I swore at it and shook my wrist out, but I was not going to give
up. In one final act of desperation I gripped the drawer handle
with both hands, planting one foot firmly against the lower
drawers, and pulled as hard as I could. Suddenly, I felt something
release and the drawer came flying out of the cabinet. A variety of
objects flew past me as I spun around and lost my balance, landing
in a heap on the ugly linoleum. Sitting on the floor, I rotated my
shoulders and neck to make sure I hadn’t hurt myself and then
started to laugh self-consciously, grateful no one had seen me fly
across the room.

I looked at what was strewn about the floor
and saw a hammer, nails, screwdrivers, a wrench, other assorted
tools, pencils, a flashlight with batteries that leaked out, a
wooden folding tape measure, and one fork but no spoon. I crawled
about picking up the objects, tossing them into the drawer, then
inserted it back into its opening. It puzzled me, because the
drawer wasn’t that full, and I wondered what had blocked it from
opening. Maybe the hammer got wedged in crookedly somehow. Talk
about a junk drawer. Not knowing what I might find next, I sat back
on my heels and slowly pulled on the next drawer down and started
to laugh softly again. Well, who doesn’t need underwear and socks
in the kitchen?
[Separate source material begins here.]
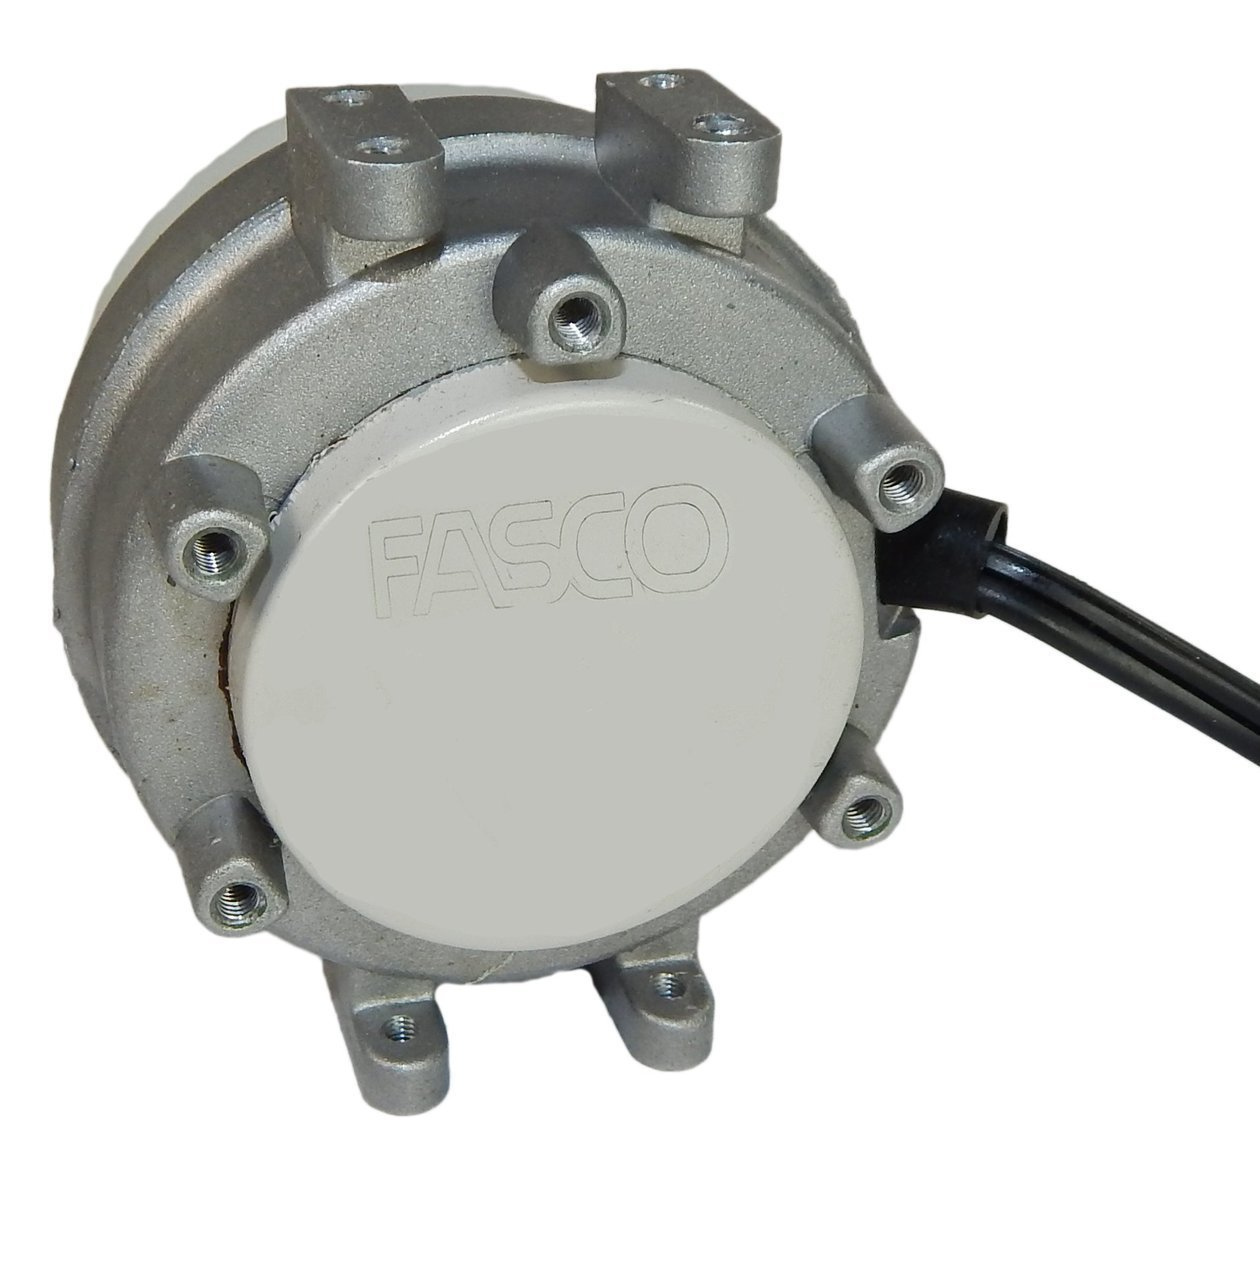 Fasco D559 6 Watt 115 Volt Unit Bearing / Watt Motor w/ CCW Rotation Replaces 5313 - D559

There had to be more to that story. My mother
hadn’t mentioned any dementia in my grandfather’s health, but maybe
she hadn’t seen it in her limited dealings with him.

I rose to my feet and moved across the room,
trying other drawers. Finally, in the drawer next to the
refrigerator I found some silverware. “It’s always in the last
place you look,” I muttered as I proceeded to pop my plastic,
single-brew pod into my new coffee maker to brew a hot cup of
life-giving elixir, and in two minutes I was sipping my hot
beverage, feeling like I could take on the world.